JO hits and we finally take the lead! Why couldn't you have done that in regulation?


----------



## Pacers Fan (Aug 25, 2002)

David Harrison sacrifices his 6th foul so Jermaine doesn't get one.


----------



## Pacers Fan (Aug 25, 2002)

Heat up 91-89 with 1:20 left


----------



## naptownpimp (Feb 1, 2004)

ALL TIED UP PACERS WILL GE TLAST SHOT!

please no double OT


----------



## Pacers Fan (Aug 25, 2002)

JO gets a huge rebound and hits! Wade airballs and JO gets the rebound.

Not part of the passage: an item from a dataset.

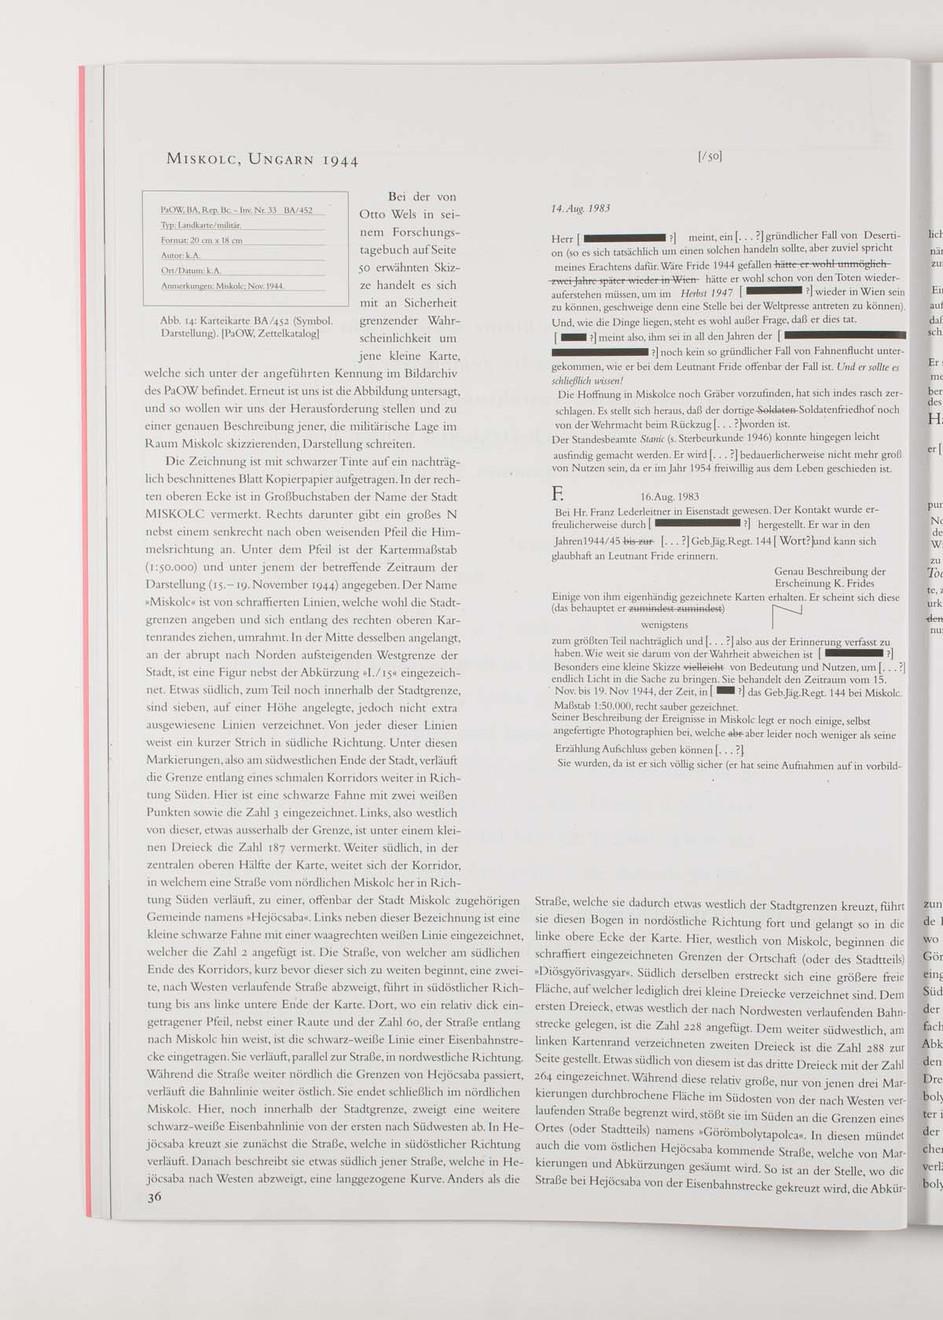 190910Zirkel_web_links2_001.jpg
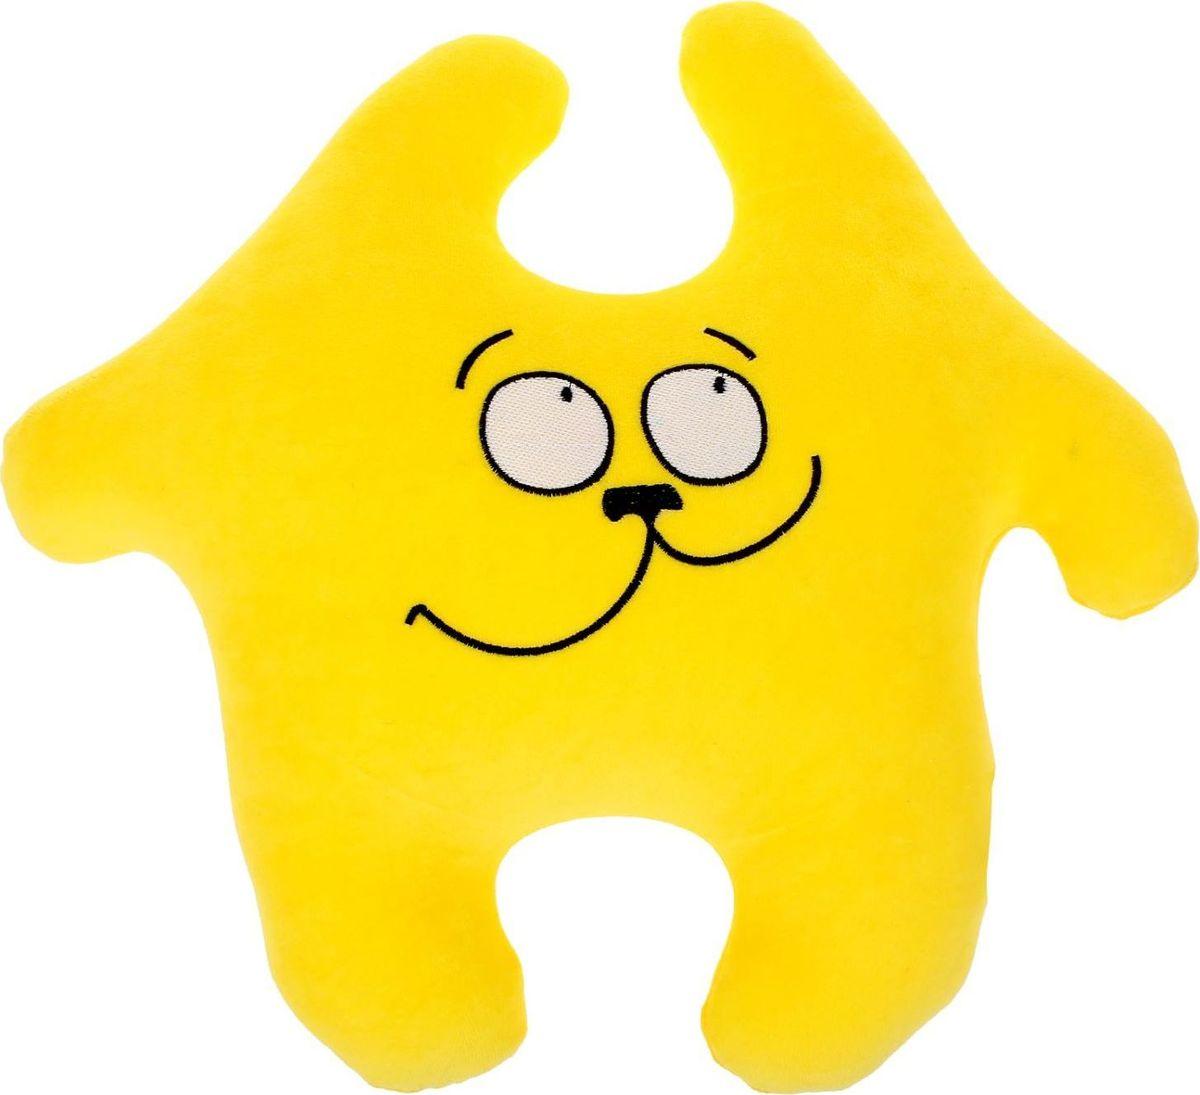 Sima-land Антистрессовая игрушка Заяц Хрустик 04 цвет желтый sima land антистрессовая игрушка заяц хрустик 04 цвет желтый

Tied at 91 with 26 seconds left now. Go through Jermaine and not Freddie this time, please.


----------



## Pacers Fan (Aug 25, 2002)

naptownpimp said:


> ALL TIED UP PACERS WILL GE TLAST SHOT!
> 
> please no double OT


26 seconds left, so the Heat might get the last shot.


----------



## Pacers Fan (Aug 25, 2002)

JO hits! Why wasn't AJ in instead of Jax?


----------



## naptownpimp (Feb 1, 2004)

YES! JO hits a jumper over 2 players

11 seconds HEAT get last shot, and i swallow my words


----------



## Pacers Fan (Aug 25, 2002)

93-91 Pacers with 11 seconds left. Heat ball. Don't let them get a 3 or foul.


----------



## naptownpimp (Feb 1, 2004)

De-fense! De-fense! De-fense!


----------



## naptownpimp (Feb 1, 2004)

Wade Misses A 3 Pacers Win!!!!!!!!!!!!!!!!!!!1


----------



## Pacers Fan (Aug 25, 2002)

Wade knocks over Stephen Jackson, but then misses a 3 at the buzzer.

*YES!*


----------



## Pacers Fan (Aug 25, 2002)

Jermaine's jumpshot over two defenders gets Play of the Game.


----------



## reHEATed (Jun 29, 2003)

good game guys. That JO shot over 2 heat defenders was amazing. He did major work in OT


----------



## Kekai (Jan 12, 2005)

Wow nice game for the Pacers. Good win.


----------



## Pacers Fan (Aug 25, 2002)

Final Score- 93-91 Pacers win!

Pacers Fan- 11
Bird Fan- 5
Shaq_Diesel- 7, but DQ'd
Kekai- 15, but DQ'd
NTP- 12

Winner- Bird Fan33


----------



## naptownpimp (Feb 1, 2004)

haha i did the calculations too but you beat me to it

congrats birdfan


----------



## rock747 (Aug 3, 2004)

wow, could the refs give the heat any more calls this game???


----------



## Gonzo (Oct 14, 2004)

Wow, this is a great win. Hopefully this can give us a boost and we can make a big run for a good spot in the playoffs.


----------



## -33- (Aug 6, 2002)

rock747 said:


> wow, could the refs give the heat any more calls this game???


cough cough

R-Star don't come to the Heat board and act like we're the only fans who complain about calls....

Thanks


----------